Down below, the crowd was still chanting, “Om Shiva Shaktiyaika Rupinyai Namaha” (Salutations to Thee who is the combined form of Siva, the masculine form of the divine and Shakti, the feminine form), the bells were still ringing,and, rhythmic and exciting, the strains from the temple musicians instruments were increasing. On the roof platform now, Mother began to perform abhishekham (bathing the stupika with puja water).

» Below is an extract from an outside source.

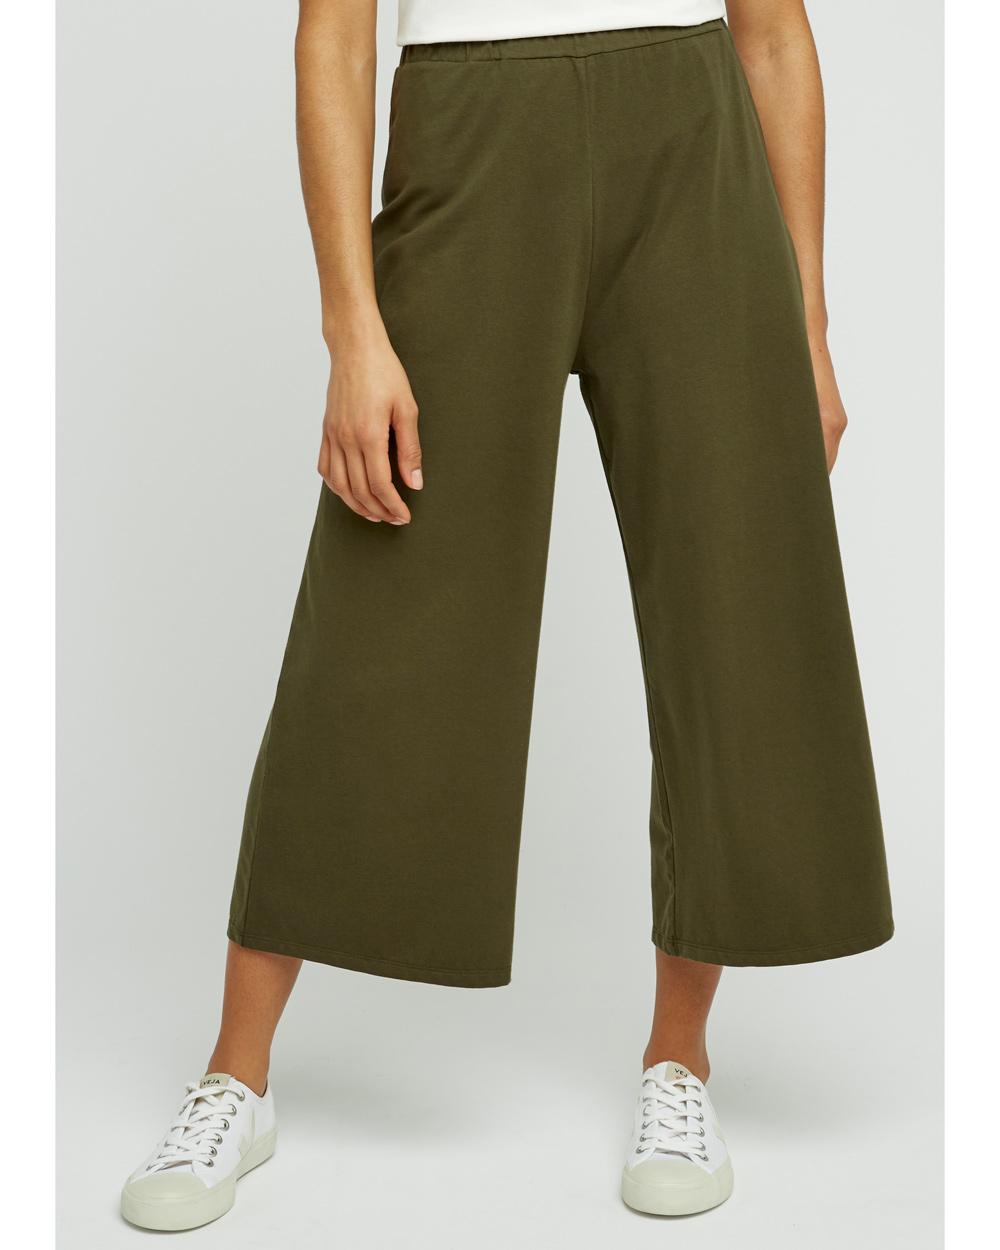 Mintgrønn bukse (Str. 56) Grønt Skift

Taking into Her two Hands a clay pot filled with water (and other special ingredients) and already blessed during pre-ceremony pujas, She would lift it high above Her head, then bend forward to pour it over the brass ornament which She had just constructed. The water would cascade down, the sun glinting on it as it splashed over the three levels of the ornament and soaked into the floor of the platform. For over two minutes Mother raised one pot after another until finally She was handed the final and larger one. Despite its size, this specially decorated one She also raised, and poured, and a final torrent of water cascaded down. After gently placing a white and yellow mala on the ornament, Mother took a brass lamp of burning camphor in Her right Hand, and a brass bell in Her left; with these She performed arati to the new stoopika, and finished the ceremonies by anointing the structure
She sat, then, in a silence and stillness profound, and meditated. Seen from on high (as this was by many gathered on the roof of the nearby school) Mother and Her stoopika appeared to be the center of a grand mandala:
the next ring was the roof railing, then there came the orange temple roof, then an open space, and next the thatch roofs erected to shade the devotees from the sun. Beyond these came Mother Nature’s own contribution to the mandala: deep green trees, the more blue-green mountain tops in the distance, and at last the softly blue morning sky. In Her position of prominence in the heart of this mandala, Mother, still seated, bowed low, and placed Her Hands and Forehead on the base of the stoopika. Ever humility emobodied, She stayed bent like that for some time, and we who watched could only ask, “Where is She now?”